Es bereitete ihm Freude die Waffe zu laden, sie fühlte sich grandios an, als hätte sie einen eigenen Charakter, das Gewicht von ihr lag wie eingearbeitet in seiner Hand, er hatte ein Ziel vor Augen und er würde es schon sehr bald erreicht haben.
Er steckte die letzte Patrone hinein, schlug die Trommel zu, spannte den Abzug und richtete den Lauf zitternd an seine Schläfe.

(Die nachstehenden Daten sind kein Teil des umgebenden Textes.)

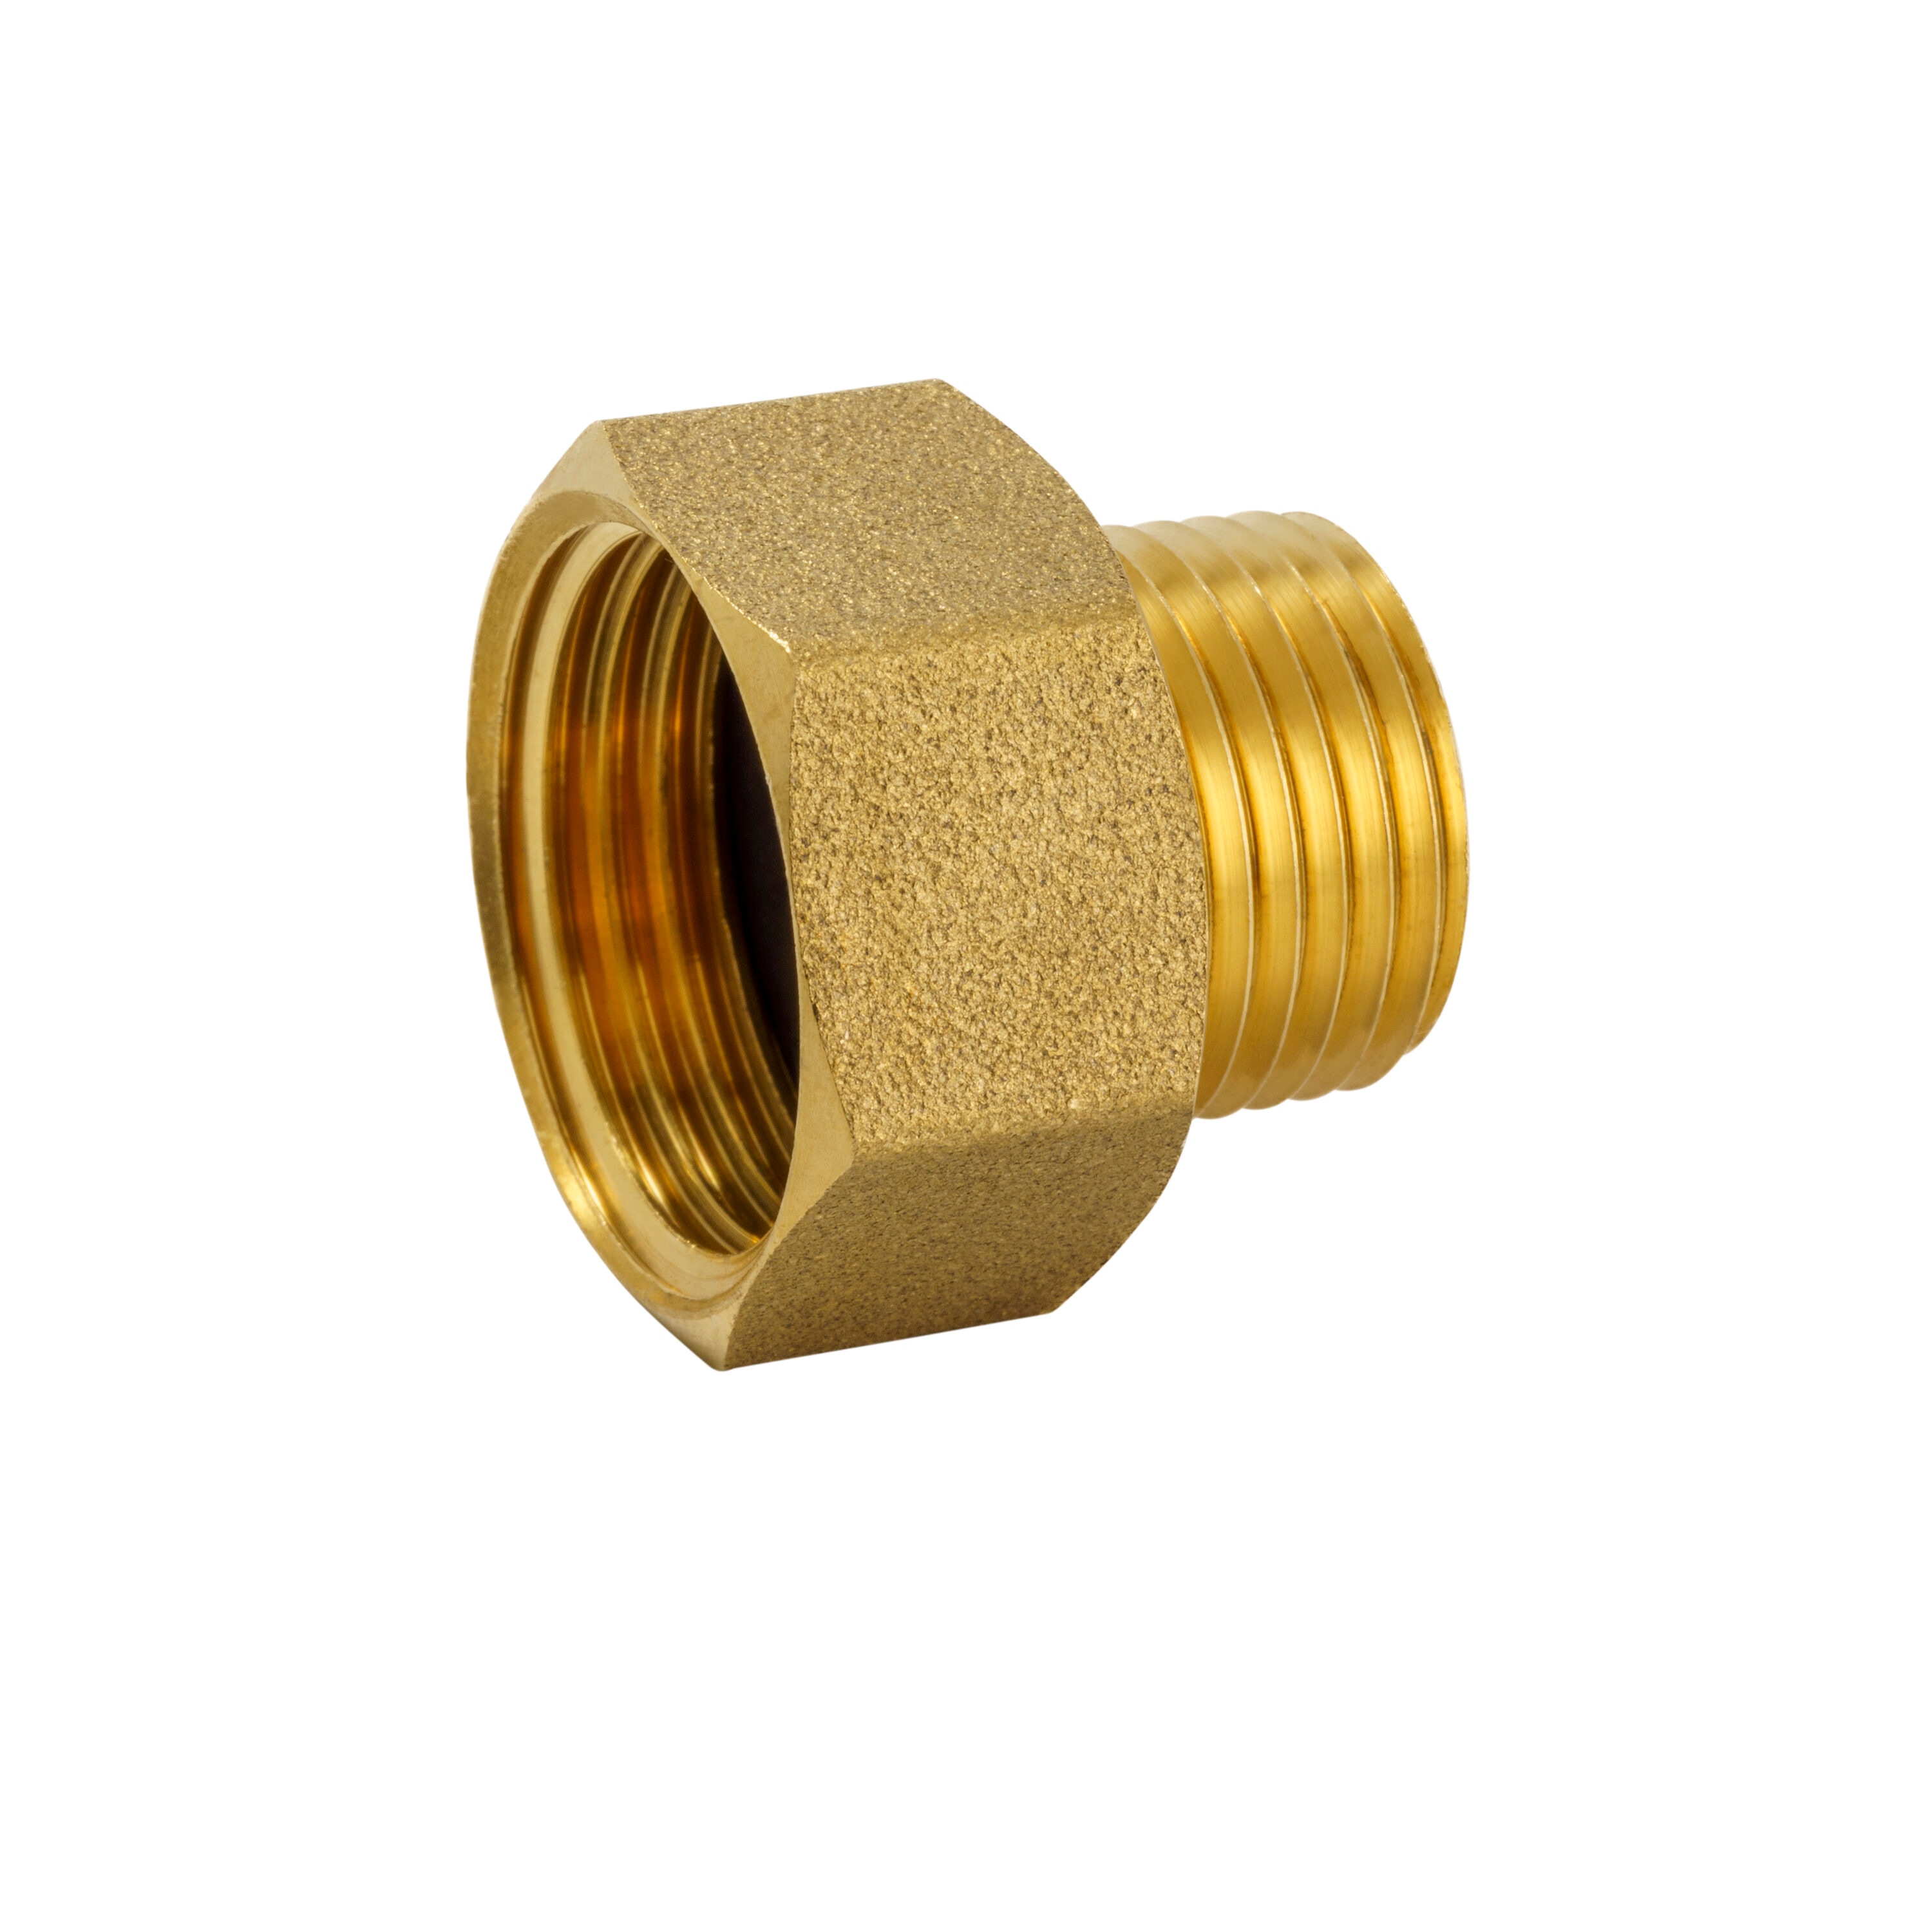 Everbilt 1/2 FEMALE OD Compression Adapter Brass Reducing Coupling Fitting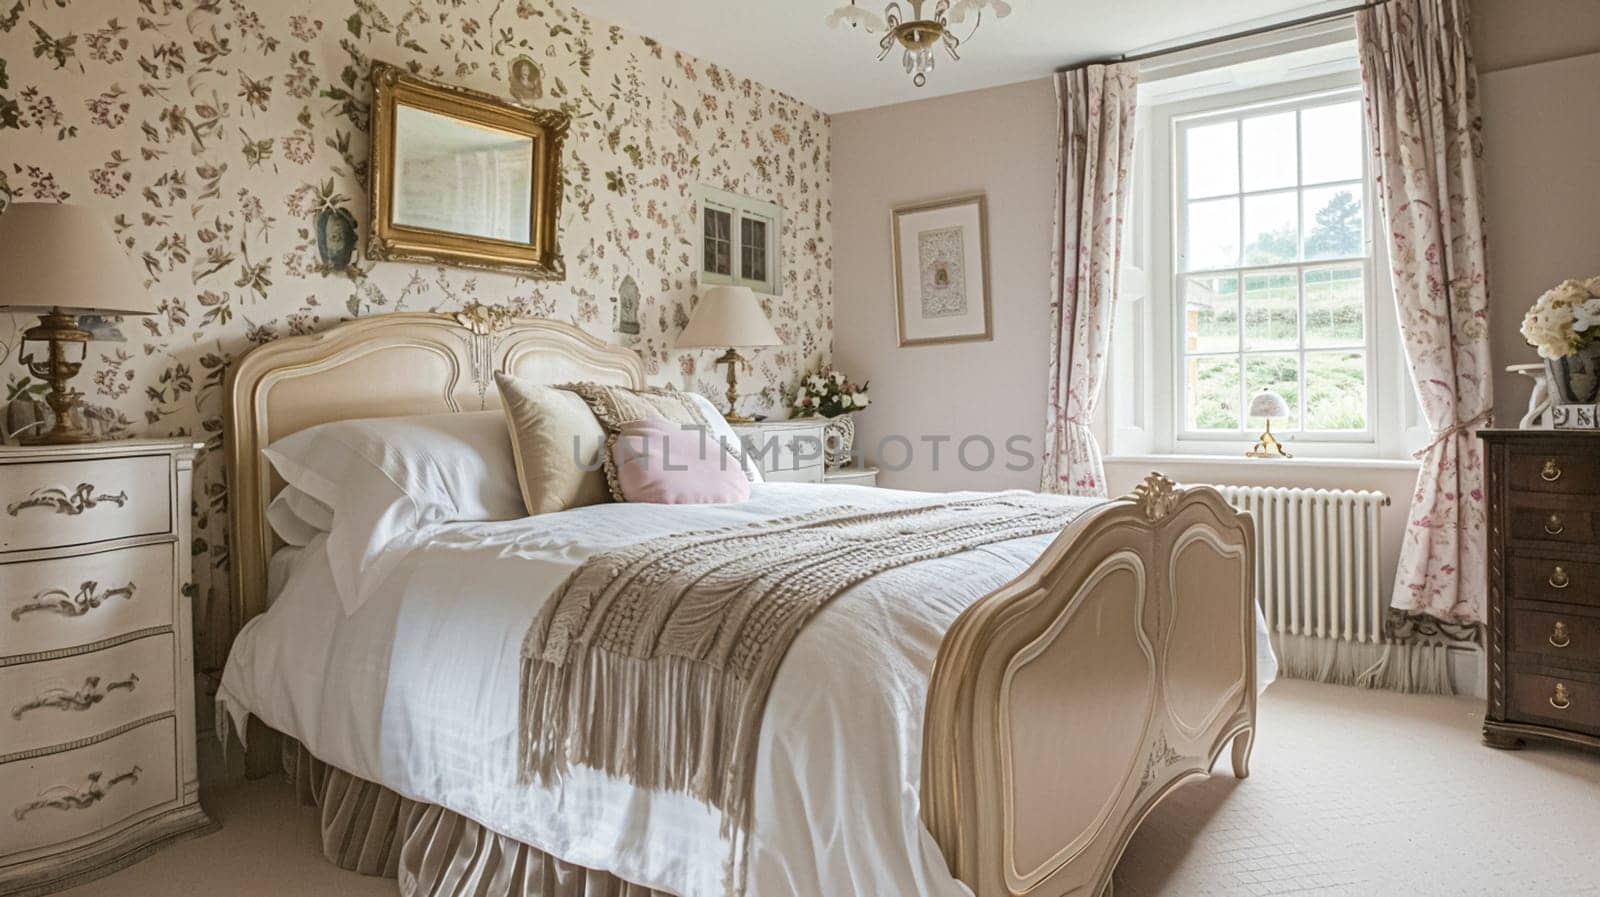 Bedroom decor in Edwardian manor house, interior design and home decor, bed with elegant bedding and bespoke furniture, English country house, holiday rental and cottage style by Anneleven

Tu es, na los! Tränen liefen sein Gesicht hinunter, er hatte Angst, wahnsinnige Angst. Er schloss die Augen und ließ sein Leben Revue passieren. Alles zog an ihm vorbei, seine ältesten Kindheitserinnerungen, der erste Kuss, die erste Liebe, sein erstes Auto und seine geliebte, die er auf tragische Weise durch einen Autounfall verlor, den er verschuldet hat, bis zu diesem Tag, wo er hier saß, die geladene Waffe an seinen Kopf gerichtet und fest entschlossen es endlich zu tun. Doch irgendetwas hinderte ihn, eine geistige Handbremse verhinderte, dass sein Zeigefinger die letzten Millimeter des Abzugs zurück drückten, er dachte gerade daran es noch einmal auf zu schieben, es zu überdenken, ob Emmy es so gewollt hätte, doch plötzlich klingelte das Telefon, dicht gefolgt vom ohrenbetäubendem Knall eines Schusses, der Howard´s Hirn über den Küchentisch und den Fußboden verteilte und sein Leben schlagartig beendete. Er war schon immer schreckhaft gewesen.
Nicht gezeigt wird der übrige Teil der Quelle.